● **Work order**: Look below for the line with "Slazenger POINT NEW" and the line with "Tahquamenon Falls Michigan". Copy exactly those two lines and every line between, but not the pictures.

Source data START

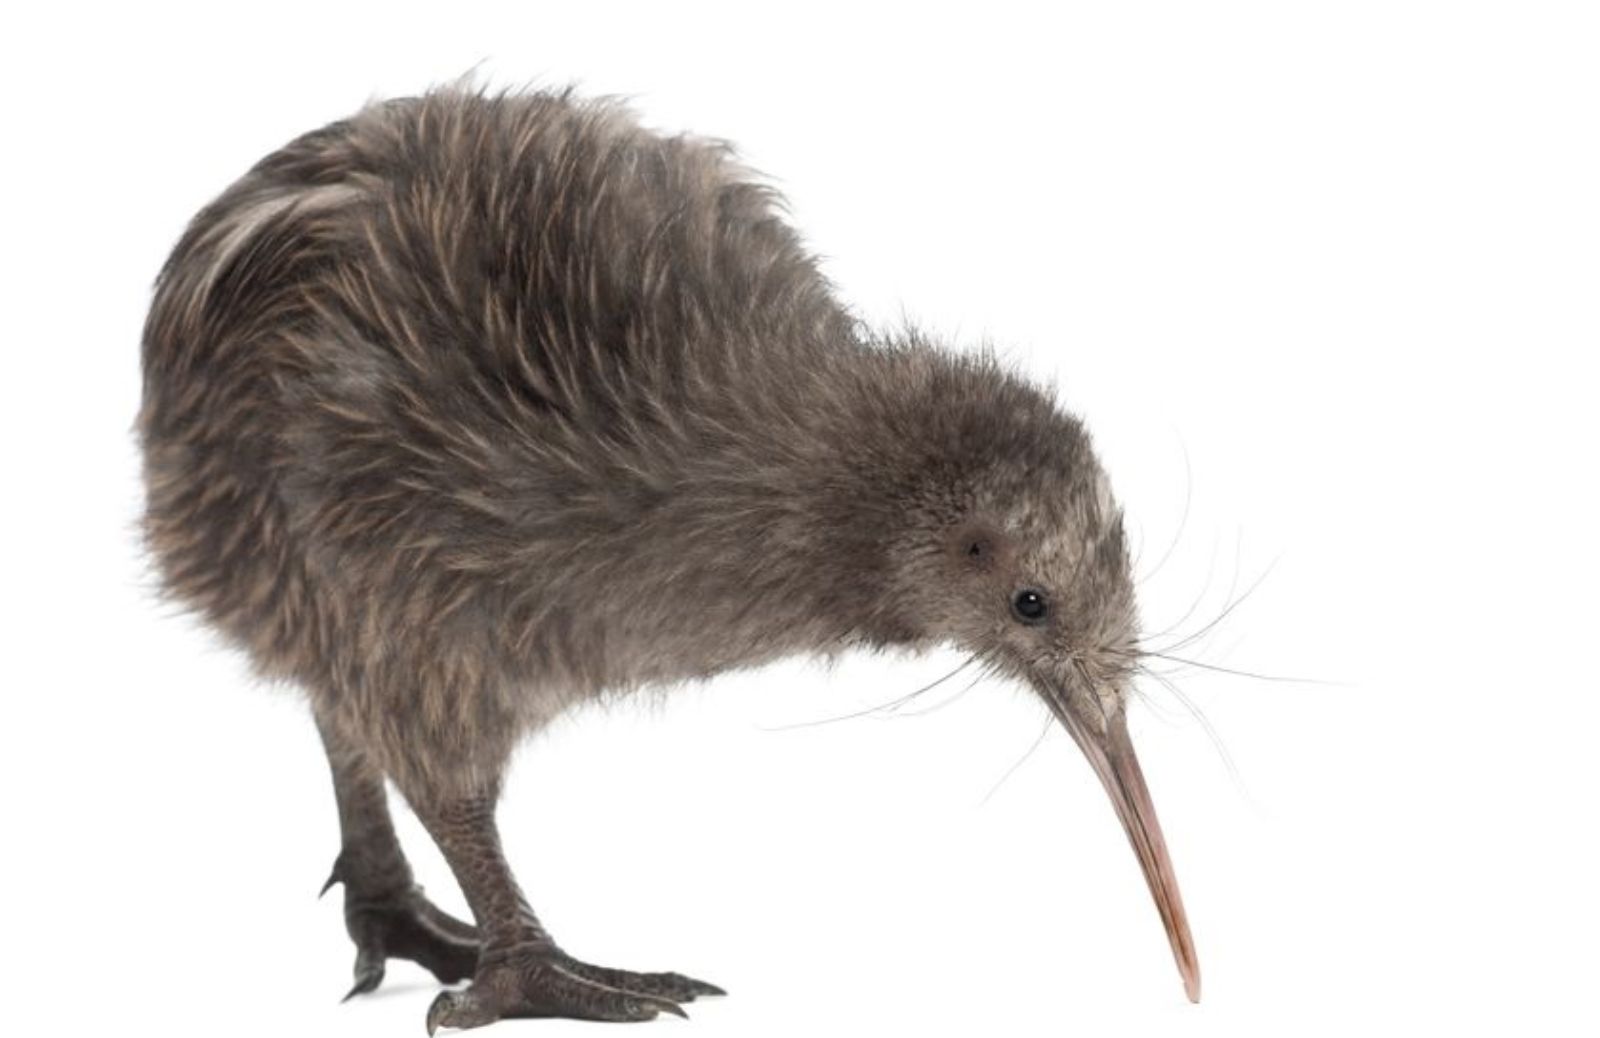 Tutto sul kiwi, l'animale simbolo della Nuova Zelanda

Source data END
Source data START

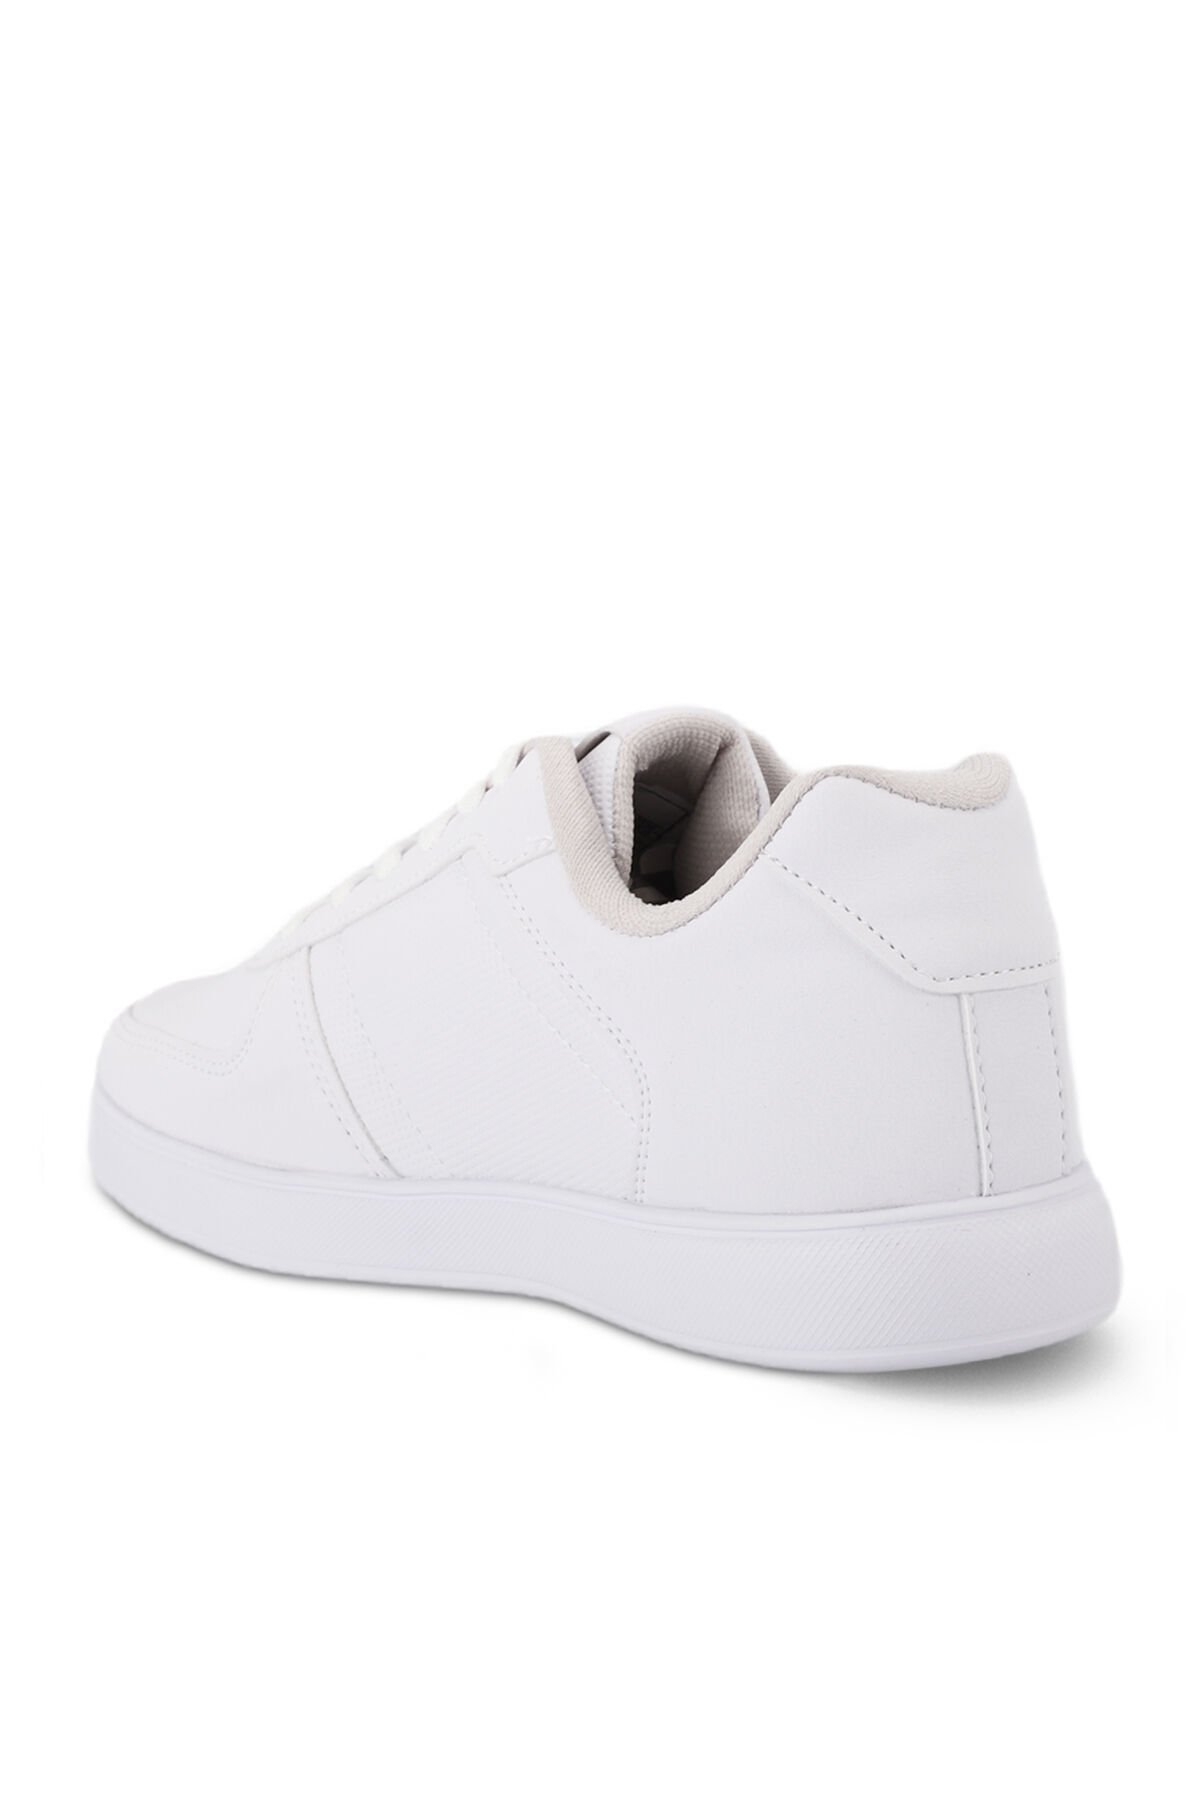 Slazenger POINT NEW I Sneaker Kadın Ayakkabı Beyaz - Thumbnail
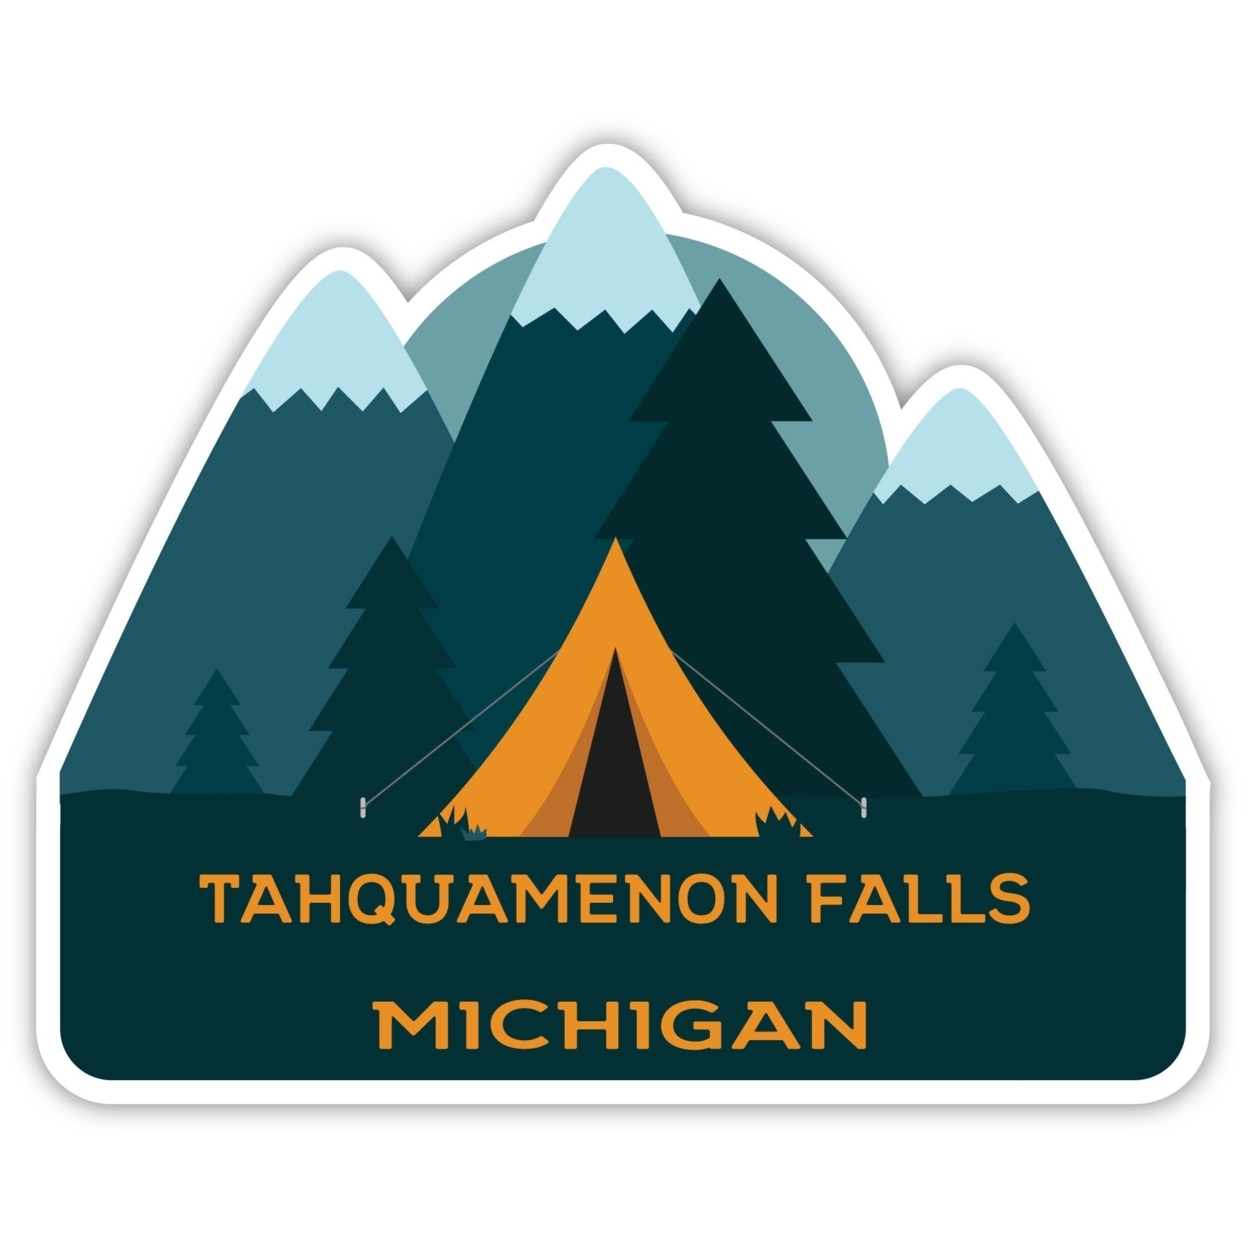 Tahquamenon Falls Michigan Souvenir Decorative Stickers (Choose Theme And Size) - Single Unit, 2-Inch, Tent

Source data END
Source data START

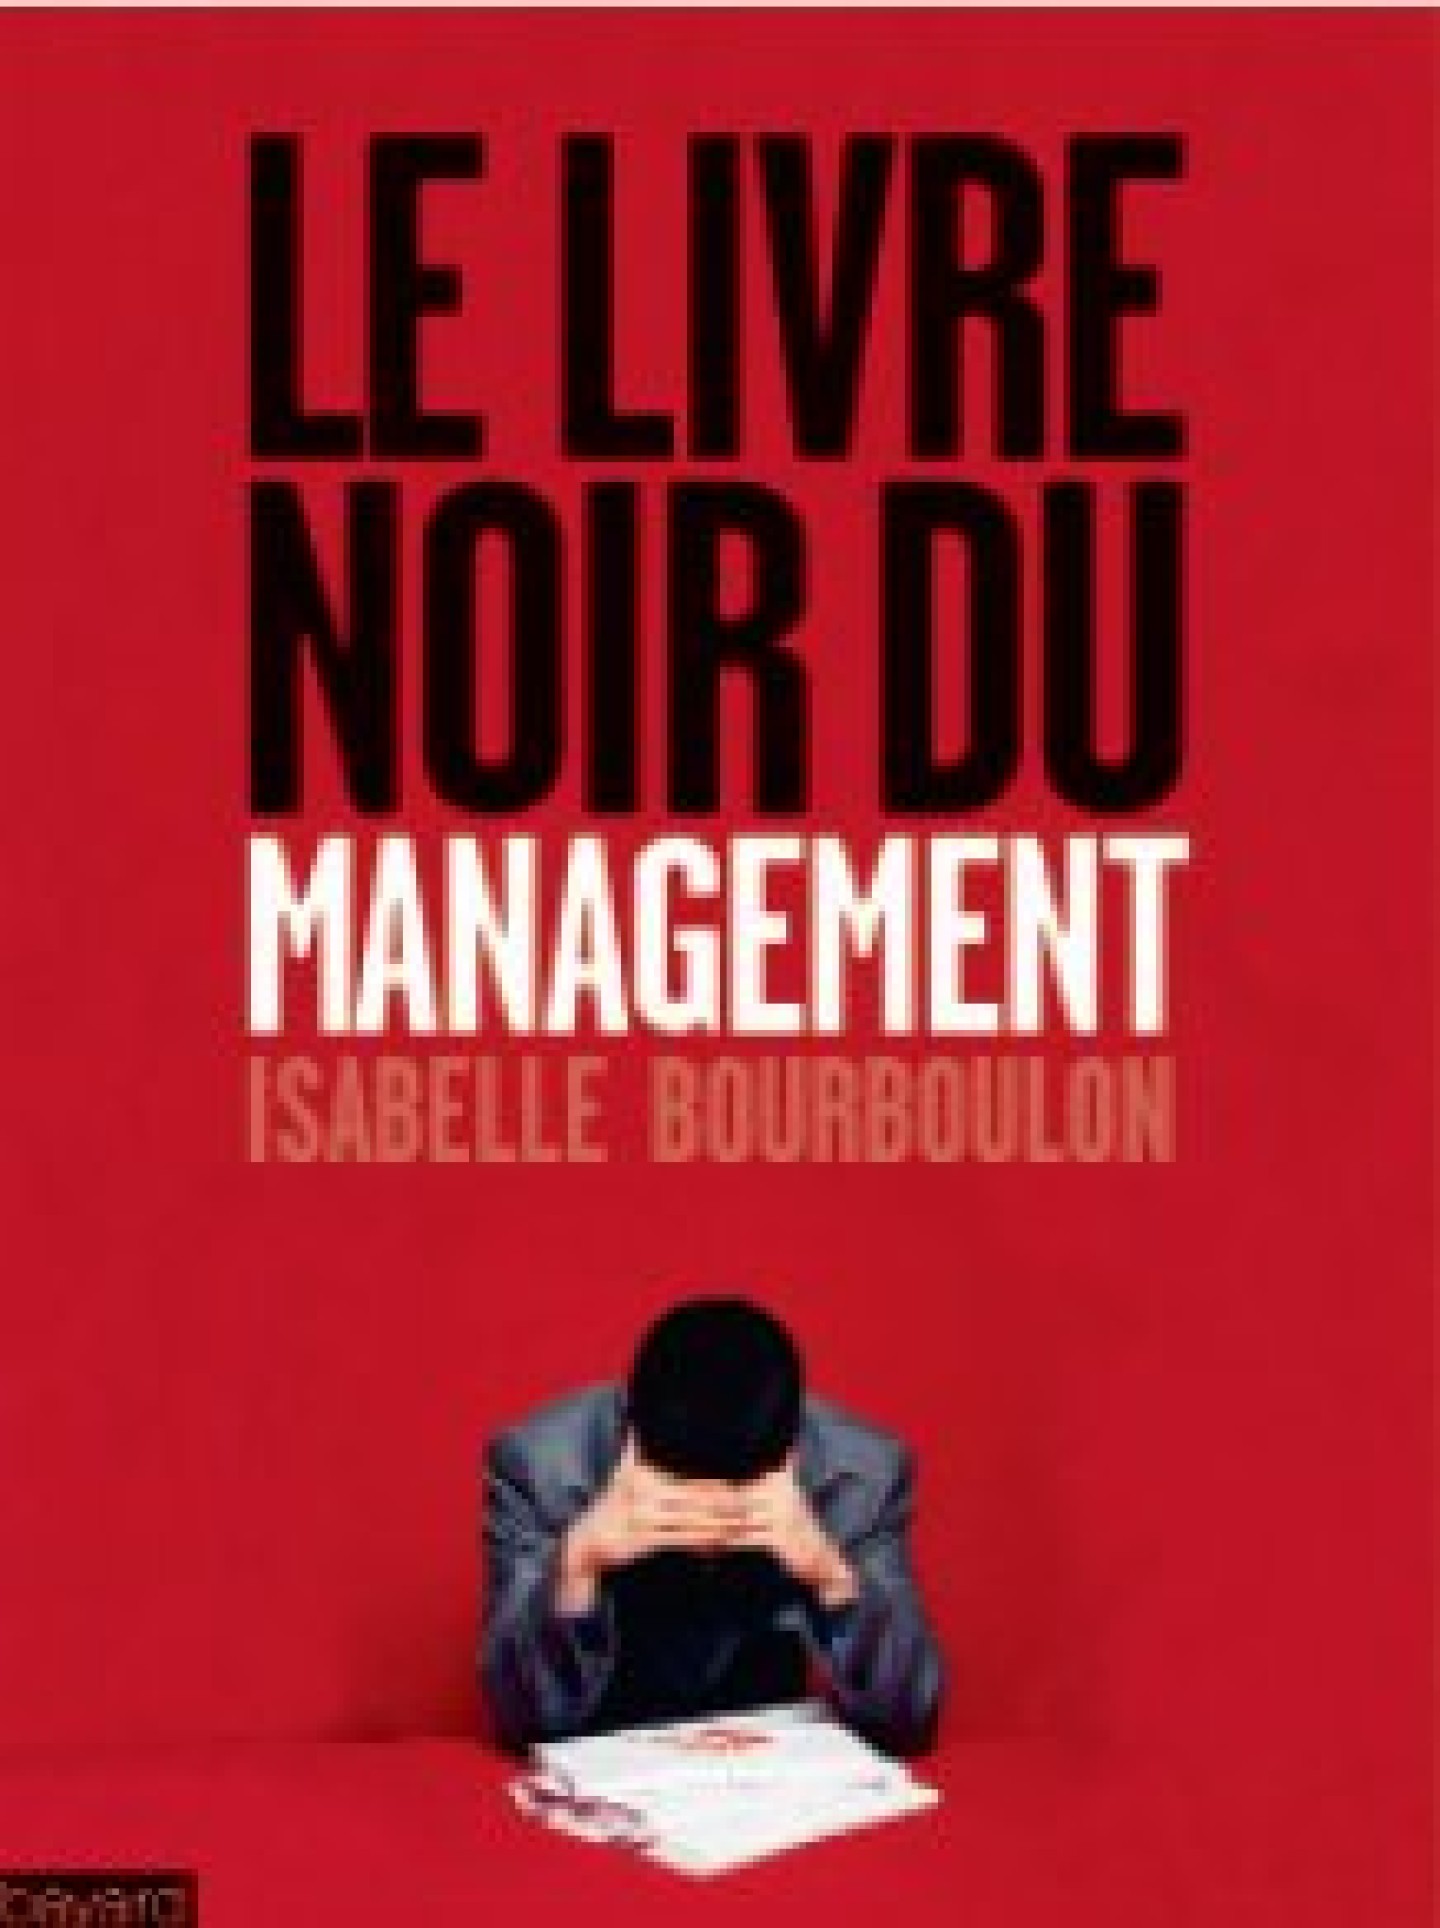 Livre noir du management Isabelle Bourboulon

Source data END

● **Task response**:
 Slazenger POINT NEW I Sneaker Kadın Ayakkabı Beyaz - Thumbnail
 Tahquamenon Falls Michigan Souvenir Decorative Stickers (Choose Theme And Size) - Single Unit, 2-Inch, Tent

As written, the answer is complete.